Are there times it is hard to accept?
Honestly, no. I do have some limits, which Angel always respects. For example, he understands that I really would not like it if he tried to grow real breasts (forms are fine with me of course). And I don’t feel ready to go out in public with him completely en femme at this time, so he does not push me to do that. If I felt as though I had to constantly defend my boundaries so to speak, I can see where it might be exhausting and acceptance would be harder. UPDATE: six weeks after I wrote this, Angel and I had our first en femme outing together. I am so glad we waited until I was ready!

Are there times when you wish Angel were not a CDer?
Absolutely not! It is too much a part of him…I can’t imagine removing it. I never feel that it’s a burden or an inconvenience. Again I imagine that’s largely due to him being very sensitive to my needs, just as I try to be sensitive to his.

What are the parts you enjoy? Is there a benefit to you?
I really enjoy seeing Angel in feminine things, because I find him adorable :) . I love buying him things like bras and panties and cardigans, because it’s fun to shop for him and because he always gets so excited when I give him a present. I really value the closeness that we feel from sharing at such a deep and intimate level. Most of all, I truly appreciate the gentle, caring, and sensitive nature that Angel has, and I think that dressing helps him show it more. In fact I often refer to it as “displaying on the outside what you are on the inside.” I know so many women who are stuck in terrible relationships with husbands who don’t understand them, who don’t communicate, who are misogynists at heart, who insist on being the “man of the house,” and who even abuse them, and I know how lucky I am to be with someone who treats me the way Angel does. I can’t tell you how wonderful it is to have a partner who respects and loves women in general and me in particular.

Why do you think most SO's of CD'ers don't accept CDing?
I think they are afraid…afraid of losing the man they fell in love with and having him replaced with a girlfriend; afraid people will find out and reject both of you; afraid the crossdressing will progress and end in SRS; afraid their man will want to be with other men; afraid that they will be expected to accept and enjoy things they are not ready for.
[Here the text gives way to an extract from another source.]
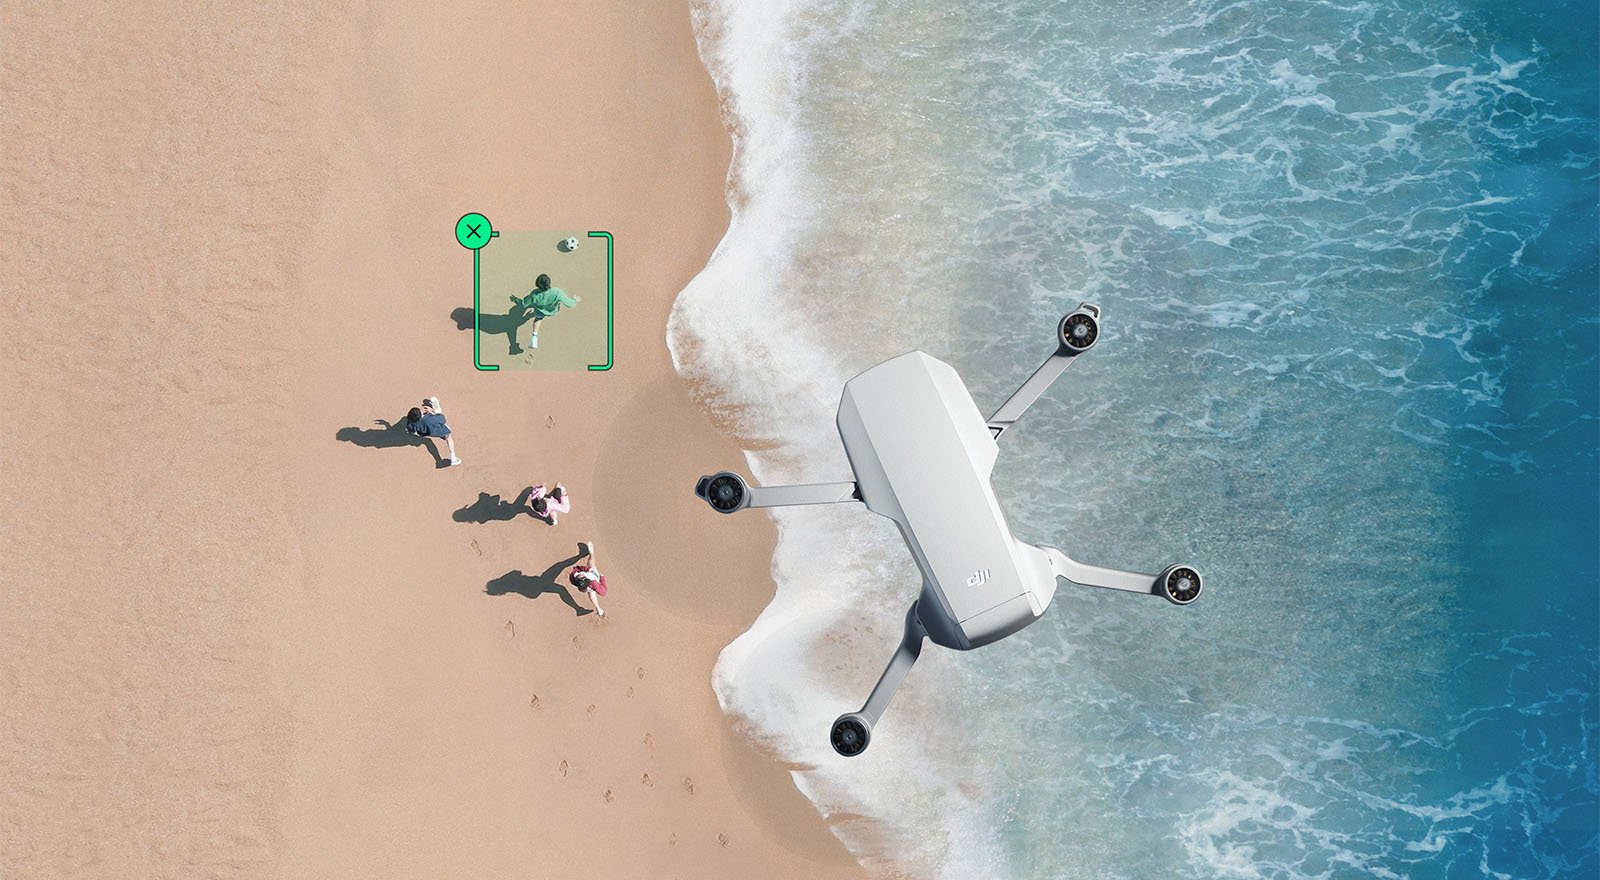 Aerial view of a sandy beach with waves gently lapping the shore.  A large drone is placed on the sand, surrounded by onlookers.  a man sits on a green carpet nearby, piloting an airplane.

Is there something we can do to make our SO's be not fearful of this part of our lives? Is it a question of balance between fem and masculine?
This is such an individual question. In my opinion, the most supportive things you can do are (1) make a sincere effort to help her become more educated about crossdressing. How we feel about things directly depends on what we know, or think we know, about them. (2) reassure her in every way you can that your crossdressing is not a threat to the relationship and the life you’ve built together. (3) If you can do it—and I know it’s hard—LET HER BE IN CONTROL of how and when your crossdressing is integrated into your lives. Never push her to accept more than she is ready for. I think almost any woman’s level of acceptance can be improved with time and allowing her to be comfortable with each step before moving on to the next one. Keep the channels of communication open. As to your question about balance between feminine and masculine, I think you have a point. Most SOs are not lesbian or bisexual (I’m not, either) and they will have a very hard time staying attracted to you if they no longer see you as a man. For myself, I have never liked manly men and I am attracted to the feminized aspects of Angel’s appearance—hair-free body, slender build, soft voice, and so on. If your SO prefers you to be more masculine, then in order to avoid alienating her you are going to have to be patient and try to find the balance that you spoke of. Her preferences may change with time as she gets more used to seeing your feminine side. You know how they say that you may have to try a new food at least ten times before you start to develop a taste for it? Well, I think the same principle applies here. Long ago, when I first saw my ex in a bra, it disturbed me. After a few times, it still looked odd, but not disturbing. Eventually it began to seem normal. Now, with my darling Angel, I actually find it attractive. It’s all a matter of what you’re familiar with.

Thanks for listening! Any other GGs want to add their comments?

Marla
XXXOOO

Holly
06-05-2005, 06:35 PM
Marla,

Thanks for your candid, frank, and thoughtful responses to the questions posed to you. As a CDer, I appreciate the insight GG's bring to the table. You and Angel are lucky to have one another. Rock on, girl!

StephanieCD
06-05-2005, 07:10 PM
Don't be a stranger - the both of you (you and Angel) bring so much here.

I was particularly touched to hear your ex was a CD and that's how you met Angel. Interesting. Got a sister half as cute as you? ;)

paulaN
06-05-2005, 08:18 PM
thank you for sharing. well done.

Katrina
06-05-2005, 08:21 PM
Marla,
That was a fantastic post! I think that gives many of us some very good things to think about. Thank you!

Khriss
06-05-2005, 09:08 PM
WOW Marla, This posting of Yours should be made-Permanent- here! It realy gave Me back some hope- Thank You! ps: Might You happen to have,say,,, a "single" twin sister , or concidered the new advances in "cloneing" ??--hehe ,Your new Admirer ,"K" xox - oh and now I understand the term-"Blessed Angel's" hmmm

womanatheart
06-05-2005, 09:23 PM
Marla and Angel,
Thank you for the answers, understanding, honesty and hope.
There is strength in your candor, openness, acceptance and love.
Your strength makes you as beautiful inside as you are outside.
Lots of Love :)
Stephanie

trinity24
06-05-2005, 09:43 PM
A very positive post indeed. I can only hope to end up with a wife half as understanding as you.

Sharon
06-05-2005, 09:46 PM
Thank you for the frank, honest, and perfect replies, Marla. I have been fortunate to have been involved with two GG's who were both as accepting as you are, but I know how rare it is. You are a very special woman. :love:
I look forward to reading much more from you!

Stormgirl
06-05-2005, 10:25 PM
Good read,wish I could find myself a lady like that here in rainy Seattle. :cry:

Elysia
06-06-2005, 06:37 PM
Thanks for your post Marla. I particularly appreciate input from GG’s. It was kind of you to take the time to write this. I think you are giving us great advice. Like Angle, I’m fortunate to have a wonderful and accepting wife, she has much the same boundaries as you and I am very grateful for that.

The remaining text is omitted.